Der Schütze hatte am Donnerstag in seiner Schule bei Los Angeles das Feuer eröffnet und zwei Mitschüler erschossen. Bei den Toten handelte es sich nach Mitteilung der Polizei um eine 15-Jährige und einen 14-Jährigen. Drei weitere Schüler wurden verletzt.

+++ 1.34 Uhr: Zwei Frauen nach Abschiebung aus der Türkei in Frankfurt gelandet +++

Nach ihrer Abschiebung aus der Türkei sind zwei mutmaßliche IS-Anhängerinnen in Deutschland eingetroffen. Die beiden Frauen seien am Freitagabend gegen 21.34 Uhr mit einer türkischen Linienmaschine in Frankfurt angekommen, sagte ein Sprecher der Bundespolizei. Sie seien einer Einreisekontrolle unterzogen worden. Das weitere Vorgehen liege in den Händen der Sicherheitsbehörden von Bund und Ländern. Aus Sicherheitskreisen hieß es, Beamte des Bundeskriminalamts seien an Bord gewesen.
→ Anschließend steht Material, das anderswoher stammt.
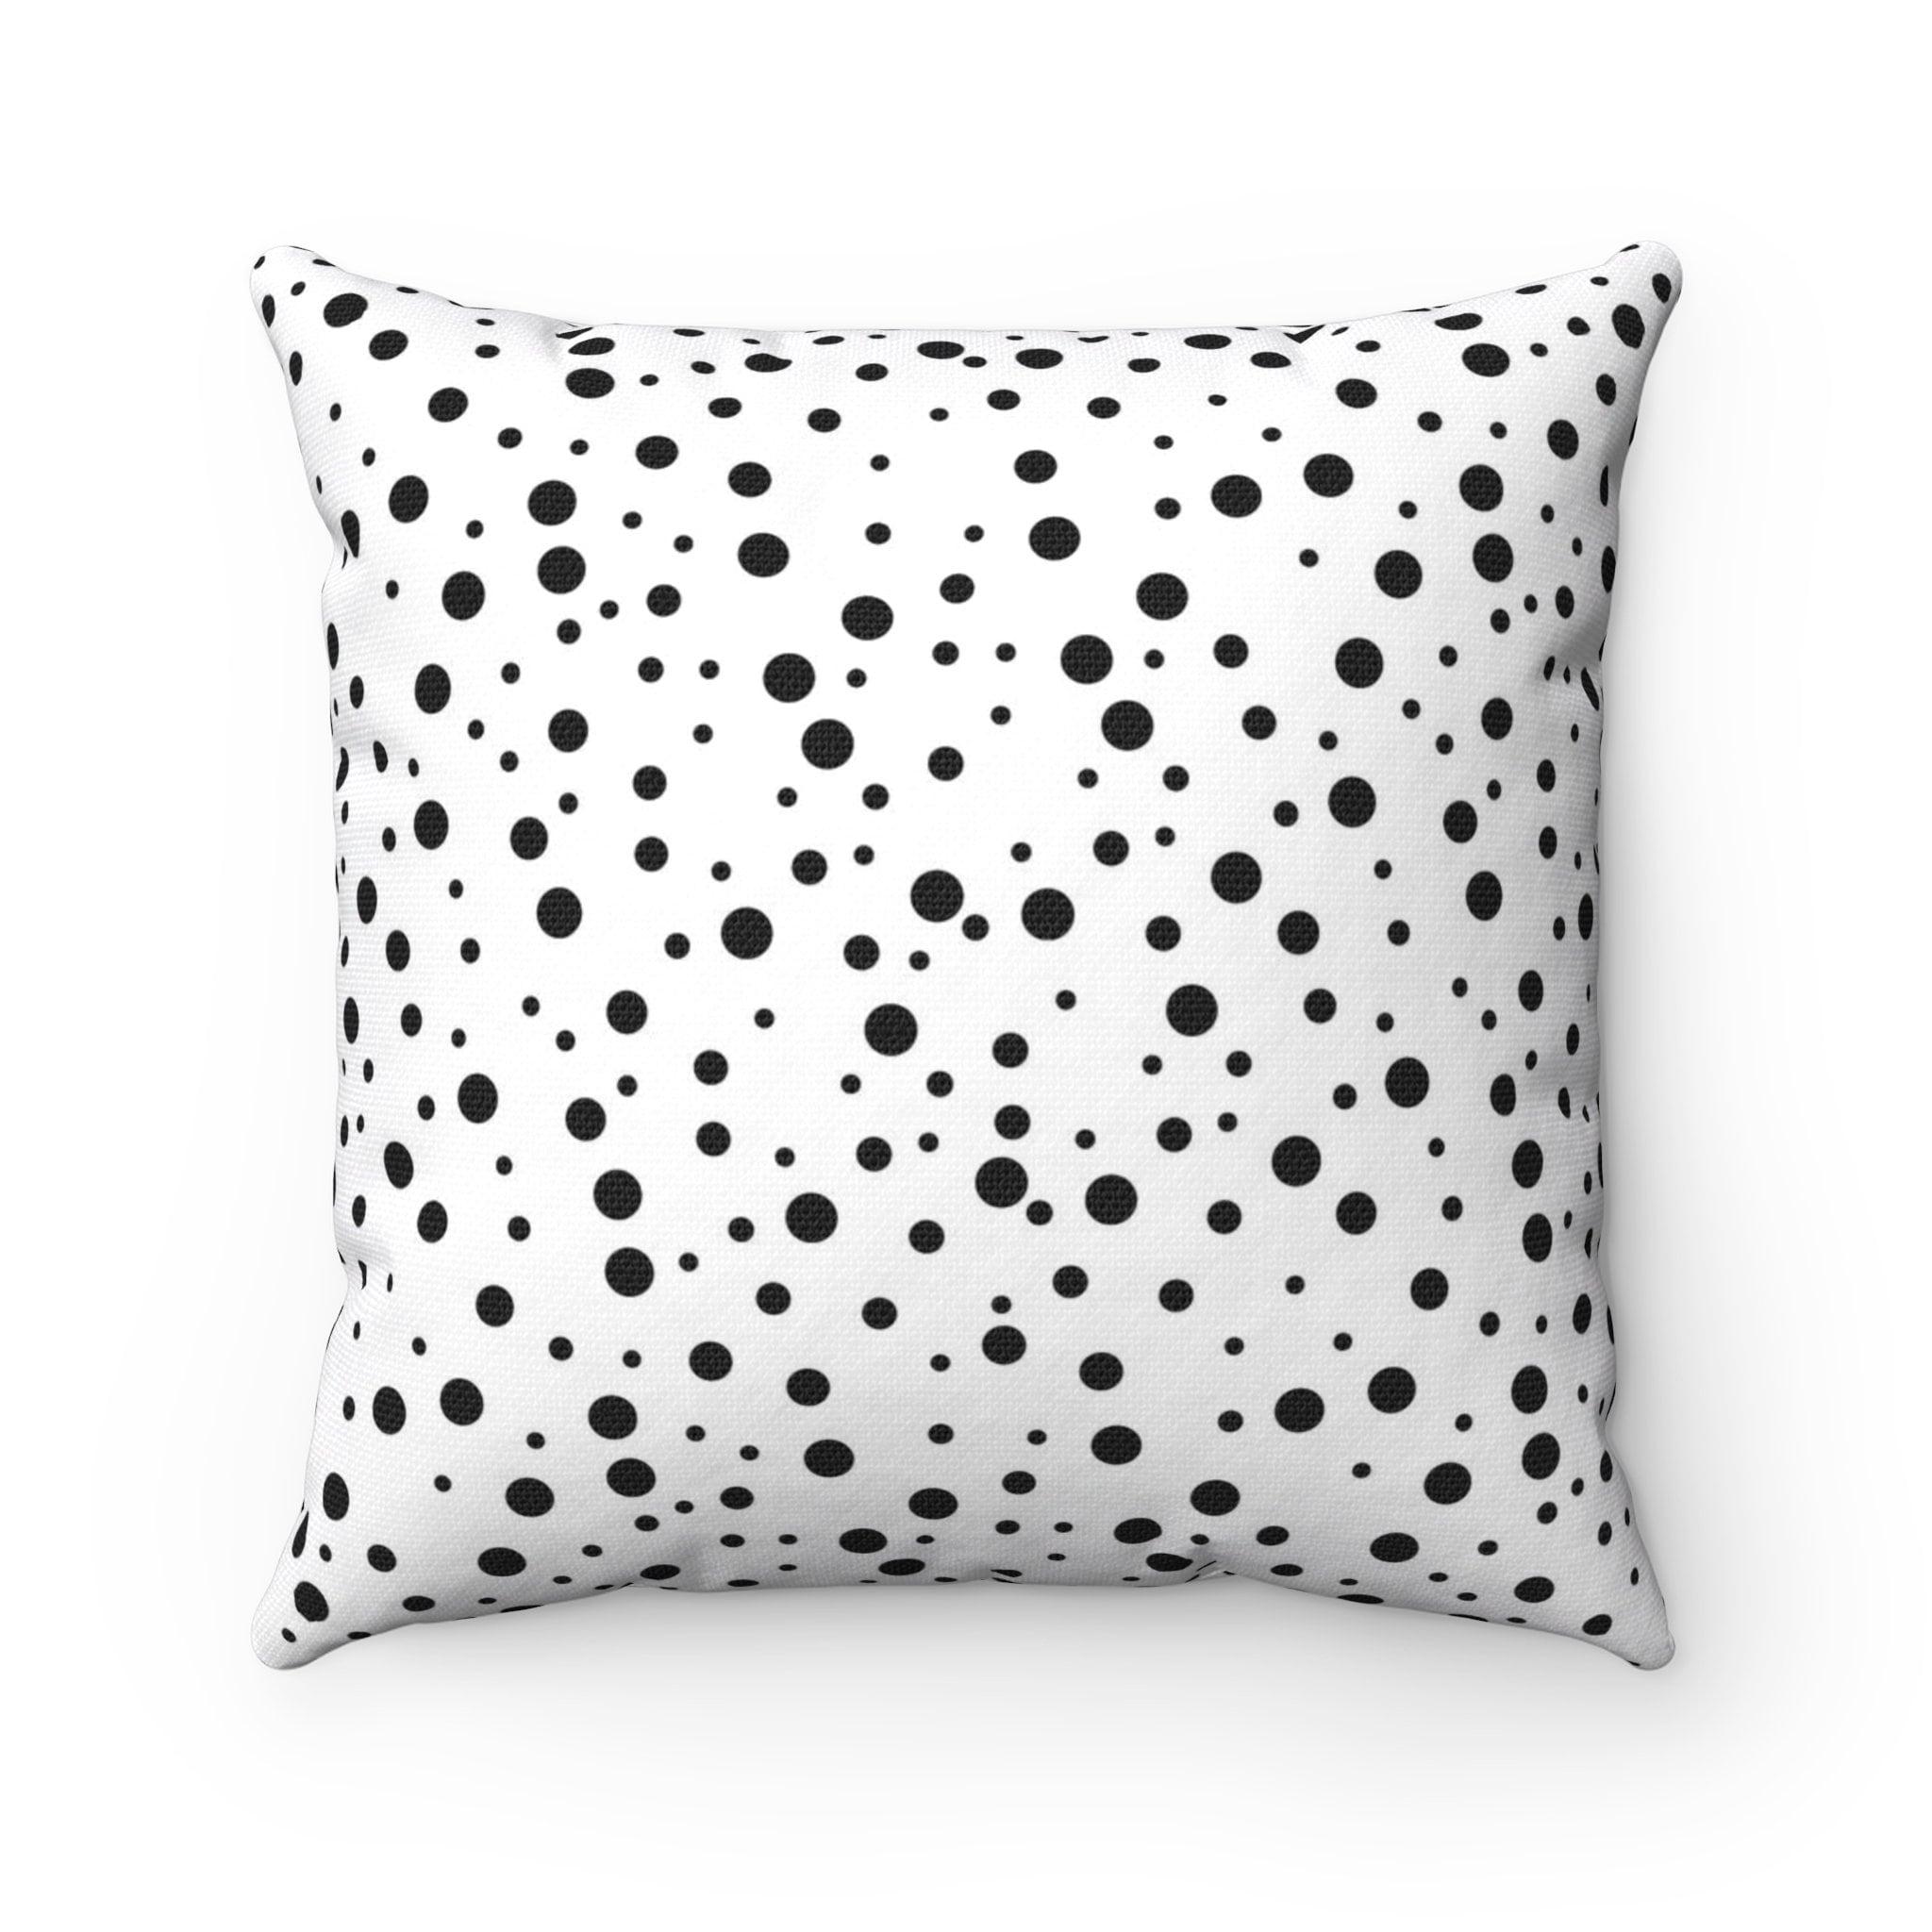 Dots Decorative Pillow Black White Pillow Throw Pillow Cover Modern Pillow 16x16 Pillow Cover Black And White Pillow Dots Pillow

In einer Meldung der privaten türkischen Nachrichtenagentur DHA war zuvor von "ausländischen Terroristenkämpfern" mit deutscher Staatsbürgerschaft die Rede. Damit hat die Türkei diese Woche insgesamt neun Menschen nach Deutschland abgeschoben, die sie als mutmaßliche Anhänger der Terrormiliz Islamischer Staat (IS) und Islamisten bezeichnete. Am Donnerstag hatte die Türkei bereits eine deutsch-irakische Familie nach Berlin abgeschoben.

+++ 0.28 Uhr: Hinrichtung in Texas vorerst gestoppt - Zweifel an Schuld +++

In einem aufsehenerregenden Kriminalitätsfall in den USA hat ein Gericht im Bundesstaat Texas die geplante Hinrichtung eines verurteilten Mörders vorerst gestoppt. Das teilte die Organisation Innocence Project, die den Betroffenen Rodney Reed vertritt, am Freitagabend (Ortszeit) mit. Demonstranten hatten am Mittwoch im texanischen Bastrop die Freilassung und ein neues Verfahren für den 51-Jährigen gefordert. Auch Politiker, Prominente - darunter Reality-Star Kim Kardashian - und der EU-Botschafter in den USA hatten sich in den Fall eingeschaltet. Eine Petition verzeichnete mehr als 2,9 Millionen Unterschriften.

Rodney Reed sitzt nach Angaben von Innocence Project seit 1998 wegen des Mordes an einer jungen Frau 1996 in der Todeszelle. Am kommenden Mittwoch hätte er hingerichtet werden sollen.